Taizhou Central Hospital (Taizhou University Hospital), Taizhou University, Zhejiang, 318000, China.
College of Computer and Information, Hohai University, Nanjing, 210098, China.
J Digit Imaging. 2022 Apr;35(2):153-161. doi: 10.1007/s10278-021-00558-8. Epub 2022 Jan 10.

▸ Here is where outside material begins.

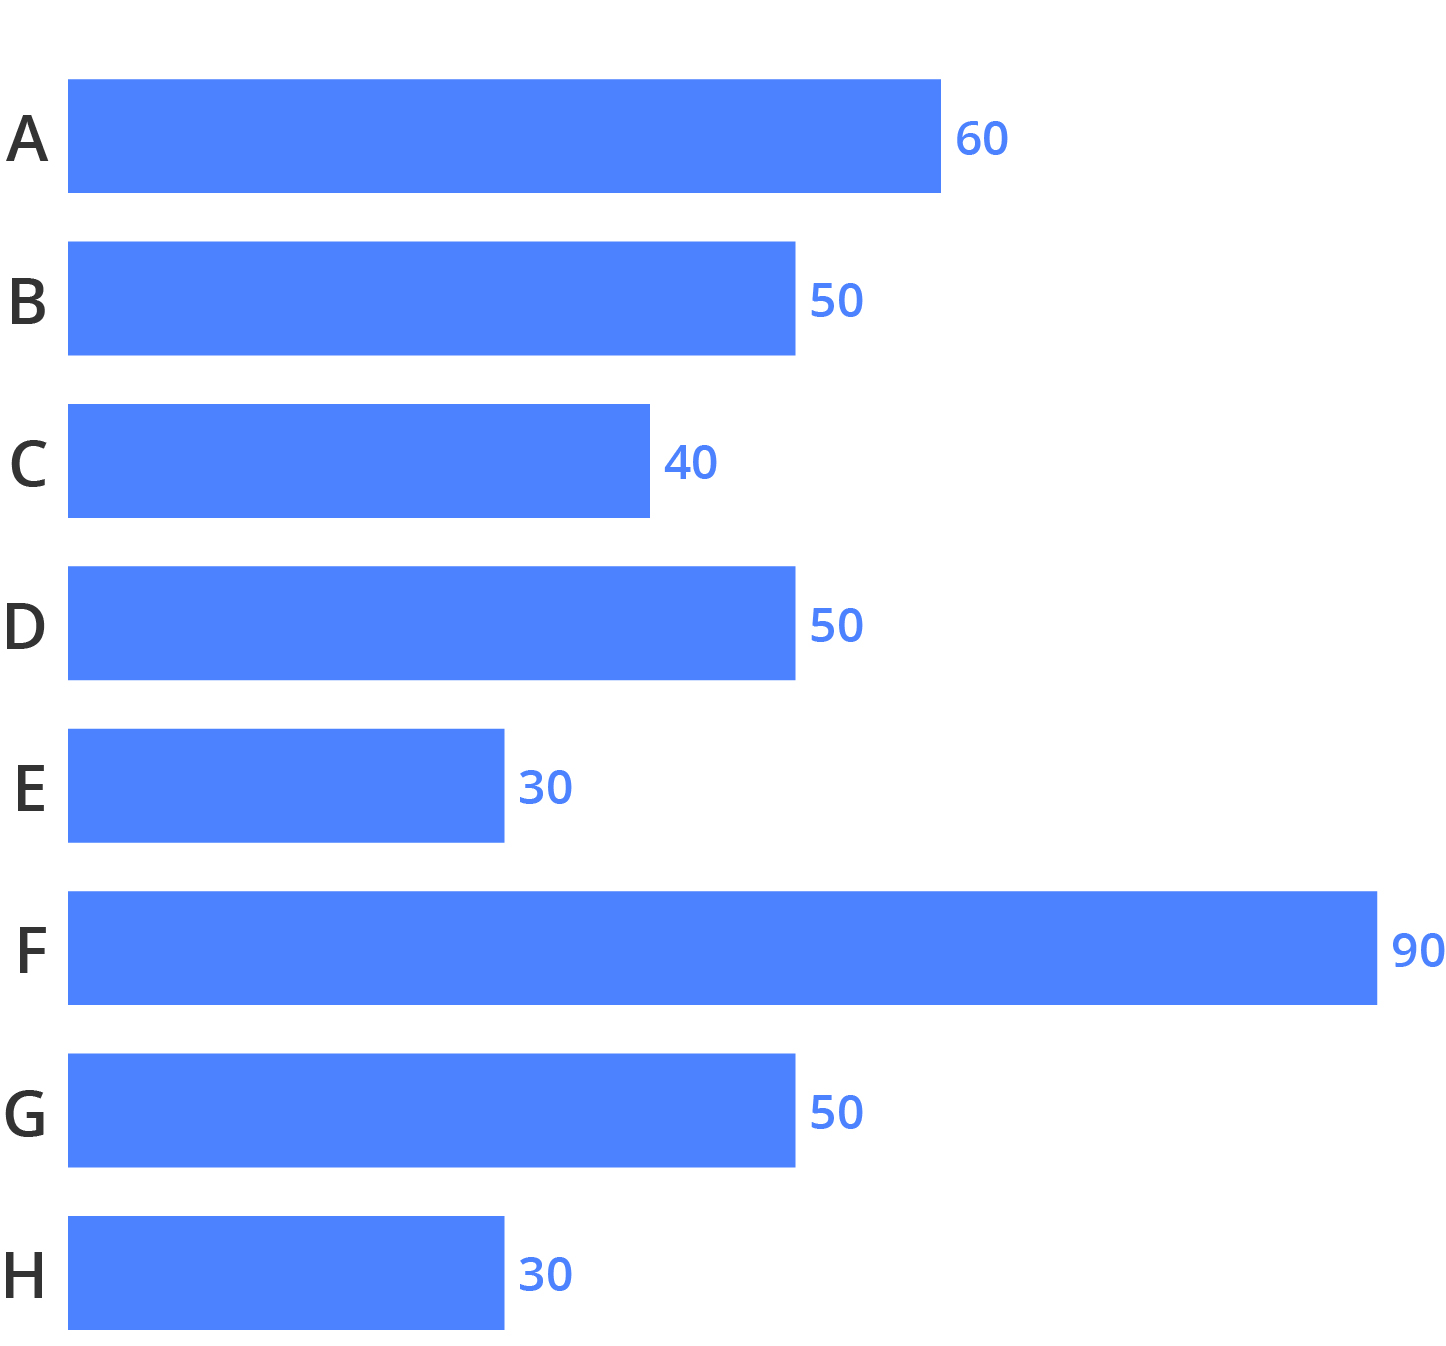 The same bar chart as above, but with value labels for each bar and with the grid lines removed

Anomaly detection has been applied in the various disease of medical practice, such as breast cancer, retinal, lung lesion, and skin disease. However, in real-world anomaly detection, there exist a large number of healthy samples, and but very few sick samples. To alleviate the problem of data imbalance in anomaly detection, this paper proposes an unsupervised learning method for deep anomaly detection based on an improved adversarial autoencoder, in which a module called chain of convolutional block (CCB) is employed instead of the conventional skip-connections used in adversarial autoencoder. Such CCB connections provide considerable advantages via direct connections, not only preserving both global and local information but also alleviating the problem of semantic disparity between the encoding features and the corresponding decoding features. The proposed method is thus able to capture the distribution of normal samples within both image space and latent vector space. By means of minimizing the reconstruction error within both spaces during training phase, higher reconstruction error during test phase is indicative of an anomaly. Our method is trained only on the healthy persons in order to learn the distribution of normal samples and can detect sick samples based on high deviation from the distribution of normality in an unsupervised way. Experimental results for multiple datasets from different fields demonstrate that the proposed method yields superior performance to state-of-the-art methods.
异常检测已应用于医学实践中的各种疾病,如乳腺癌、视网膜、肺部病变和皮肤病。然而,在实际的异常检测中,存在大量的健康样本,而只有很少的患病样本。为了缓解异常检测中的数据不平衡问题,本文提出了一种基于改进的对抗自动编码器的深度异常检测无监督学习方法,其中使用了称为卷积块链(CCB)的模块来代替对抗自动编码器中使用的常规跳过连接。这种 CCB 连接通过直接连接提供了相当大的优势,不仅保留了全局和局部信息,而且缓解了编码特征和相应解码特征之间的语义差异问题。因此,该方法能够在图像空间和潜在向量空间内捕获正常样本的分布。通过在训练阶段在两个空间内最小化重建误差,可以在测试阶段通过更高的重建误差指示异常。我们的方法仅在健康人身上进行训练,以便学习正常样本的分布,并可以以无监督的方式基于与正常性分布的高度偏差来检测患病样本。来自不同领域的多个数据集的实验结果表明,该方法的性能优于最先进的方法。